Market signals say no autumn cattle supply glut
Market signals remain positive for beef finishers, with prices at the factories stable, as autumn trading gets nearer,
.Expecting beef prices at the factories to harden by very much at this time of the year would be out of character with the usual seasonal pattern.
But 2017 could be the season to buck the traditional trends.
Predicting the beef trade is among the most hazardous of challenges, because there are so many unpredictable factors, from weather to markets, cattle supply, and currency movements, that it’s akin to selecting the winning numbers of the Lotto.
Nevertheless there are some signals which hold hope for optimistic cattle finishers.
It seems that the current strong markets for beef will see the year out, and factories have weekly demand for at least 32,000 head and maybe a little more.
Fear of a cattle supply glut this autumn is receding.
That said, the processors are very price-conscious, and anxious to pull back a bit from the current price level.
But it will be challenging for processors to cut prices if the current market trends continue, which are keeping supply and demand in balance.
Quoted base prices for both steers and heifers are unchanged this week.
The steers are at 400-405 cents/kg, and there are indications that a bit more of the supply is making the higher end of the price range.
Heifers are steady at a premium of 10 cents/kg over steer prices, in a 410-415 cents/kg range.
There are isolated reports of some finishers getting a few cents more, particularly for better quality heifers, but it is not very freely available, with the processors very wary of conceding anything that would be perceived as a rise in prices.
Nor is there any change in prices on offer for cows, although there are reports of more interest from processors in cows.
Quotes for O/P-grade cows are ranging from 300 to 340 cents/kg, and up to 360 cents/kg is on offer for R-grade.
The supply to factories remains tight, at just under 31,900 last week, slightly increased from the previous week.
In Britain, the beef trade remained steady over the past week, with good demand and relatively tight supplies of finished cattle,
Prices increased again, with R4L-grade steers averaging equivalent to 455 cent/kg (with the euro at 89p, and VAT included).
In France, the market is reported to have weakened, with beef cattle prices easing.
Trading remains best for domestically produced cattle.
In contrast, the market in Italy has been showing some improvement on the back of higher consumption due to the start of the busy tourist season, with demand increasing for hindquarter cuts.
Lamb prices trail 2016 levels after latest cuts
It has been another difficult week for sheep farmers after prices were hit again, with a cut of as much as 30 cents/kg leaving prices behind where they were a year ago.

Most of the processors have reduced their quoted prices for this week to a base of 500 cents/kg, ranging as high as 515 cents/kg, plus the usual bonus payments for quality of up to 10 cents/kg.
Processors point to the weakness of the market in France, where consumption has dropped, putting pressure on the trade, and to the supply of lambs increasing.
In the marts, there was also a quieter tone to the trade on Monday, with prices easing as much as €8/head, after numbers increased, and demand did not match that of recent weeks.
There were 620 head on offer Monday at Corrin Mart, where the trade was back from last week.
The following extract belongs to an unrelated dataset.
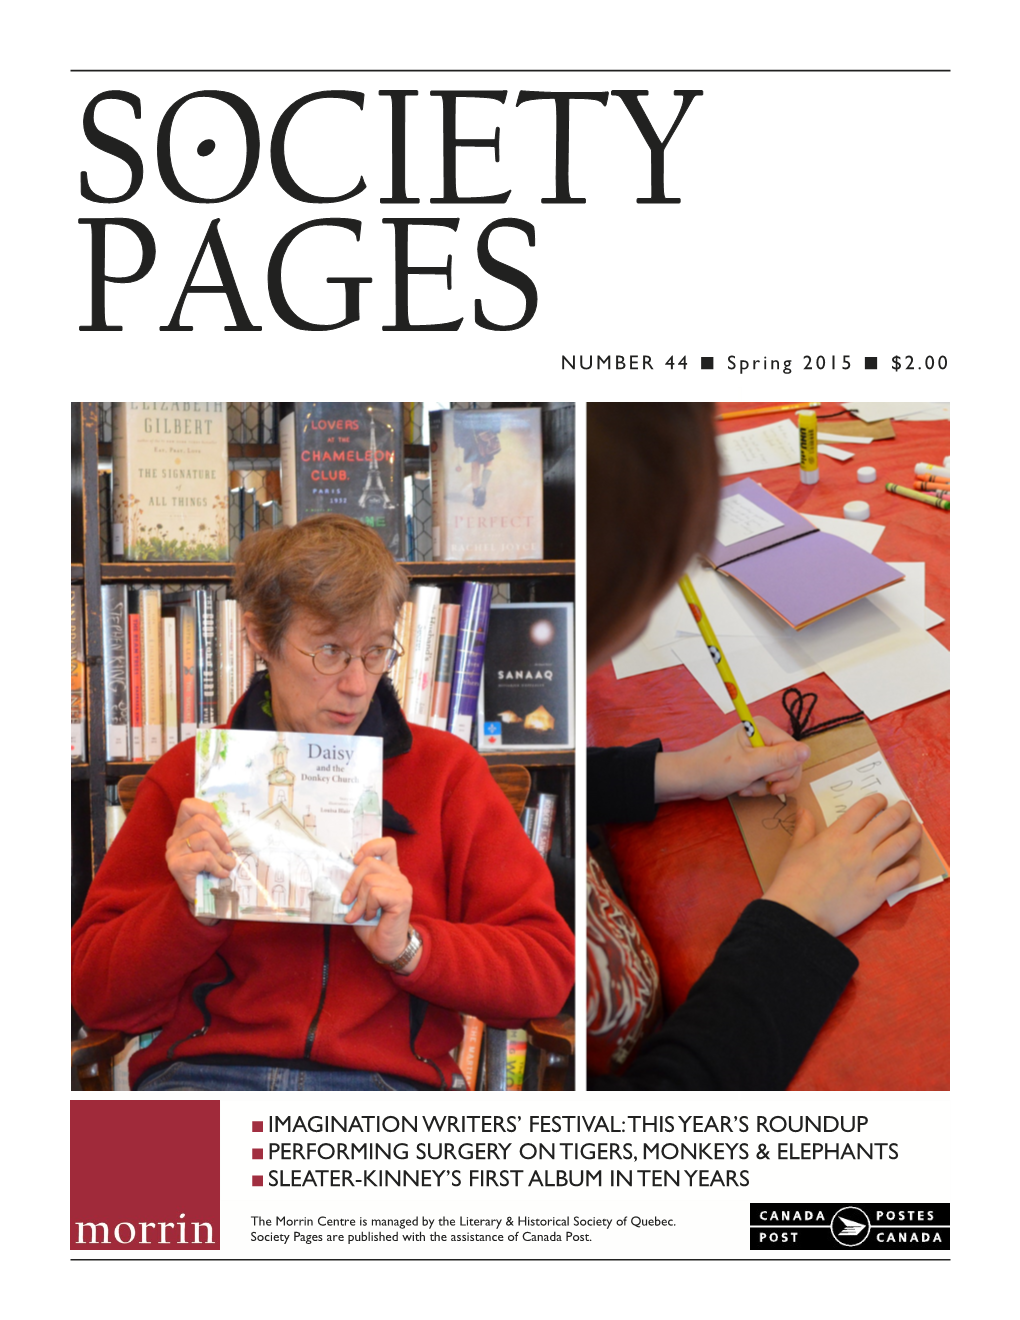 Society Pages Are Published with the Assistance of Canada Post

The butchers’ lambs sold for up to €73 over, and ranged back to €55 over. The prices for factory lambs peaked at €64 over and ranged back to €40 over.
There was an entry of 750 head on Monday at Kilkenny Mart, where the prices were back by €3-€8/head. Butchers’ lambs sold for up to €66 over and the factory lots peaked at €60 over.
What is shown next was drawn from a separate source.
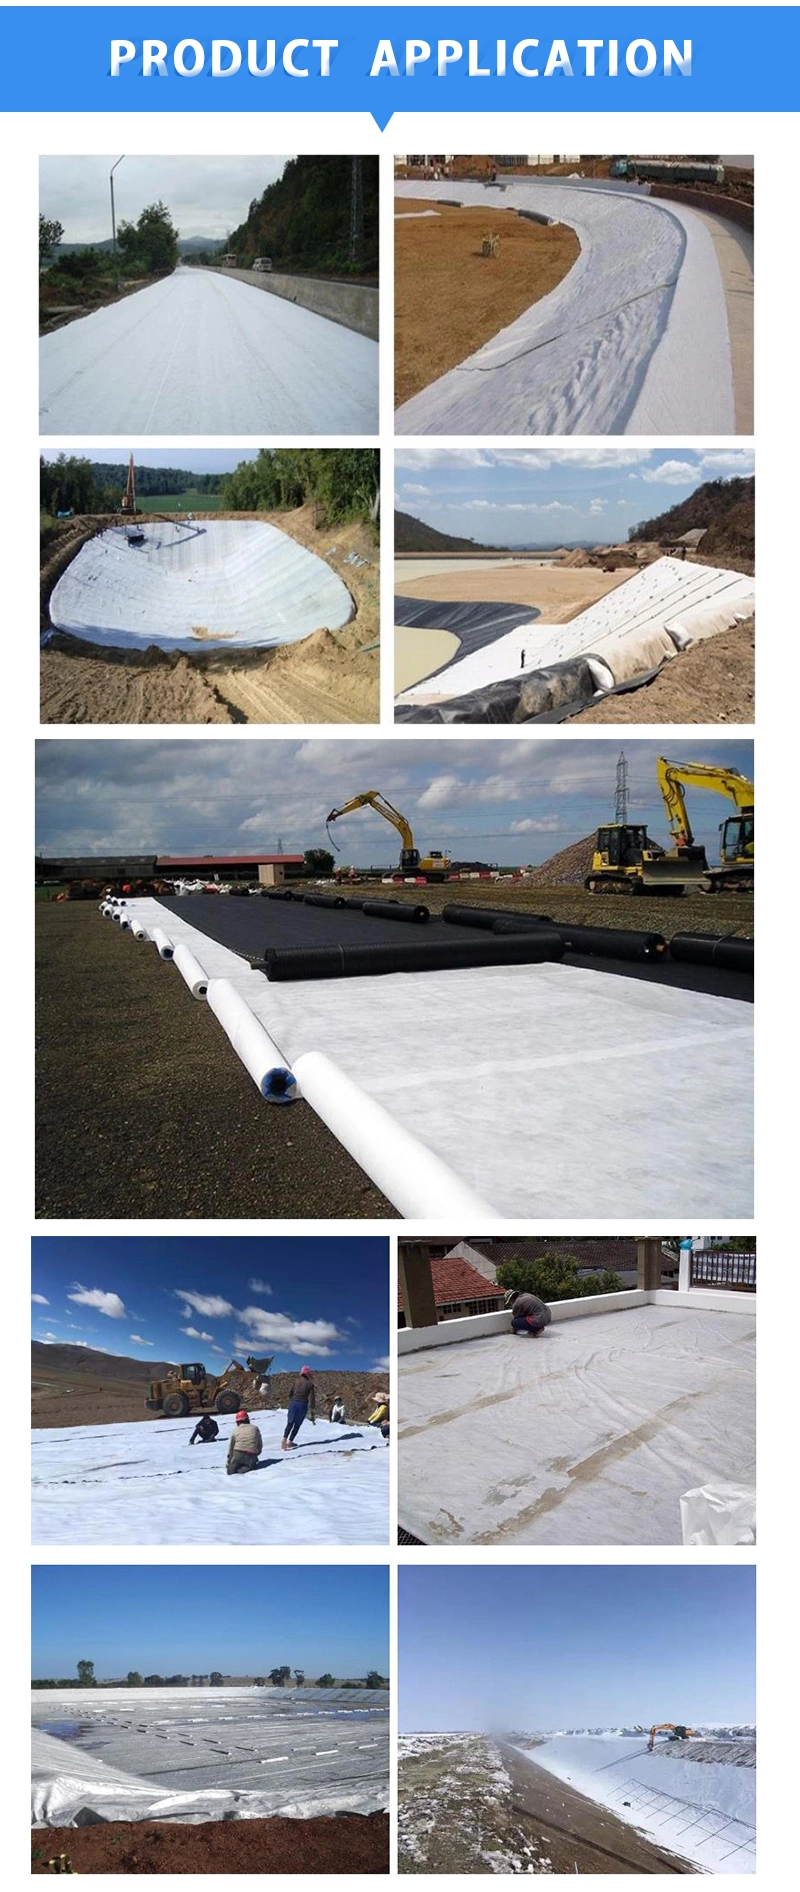 350g M2 Nonwoven Waterproof Recycled Geotextile for Floor Mat

In Britain, there was little change in the trade last week. Lambs were making the equivalent of around 516 cents/kg. Supplies for the year to date remain strong, up 7% compared to the same period in 2016.
Between January and May 2017, the UK’s imports were back 14% compared to the corresponding period last year, due to the weaker sterling and lower supplies from New Zealand.
Pig price trend positive for farms
Pig farmers have welcomed a positive week of demand from all processors forcing the trade to continue a slow upward price trend.

According to IFA, no official price rises were reported, but prices reported by the Department of Agriculture showed an increase of 4c/kg in July. Farmers say prices range from €1.72 to €1.76/kg for the majority of pigs this week, and strong demand from processors for the last few loads of pigs to fill their weekly demand resulted in stronger spot prices, of up to €1.80.
IFA welcomed the EU-Japan trade agreement which will see reduced tariffs from 2018 onwards on all EU pigmeat going into Japan.
According to analysts at Rabobank, EU pigmeat exports are slowing due to strong prices, with tight supply and firm demand maintaining upward price pressure and starting to challenge exporters.
The Rabobank experts predict a 2% pork production in 2017 in China, the main pigmeat import market.
The longer term OECD-FAO forecasts have global pig meat production increasing 10% between 2016 and 2026, including 12% in China.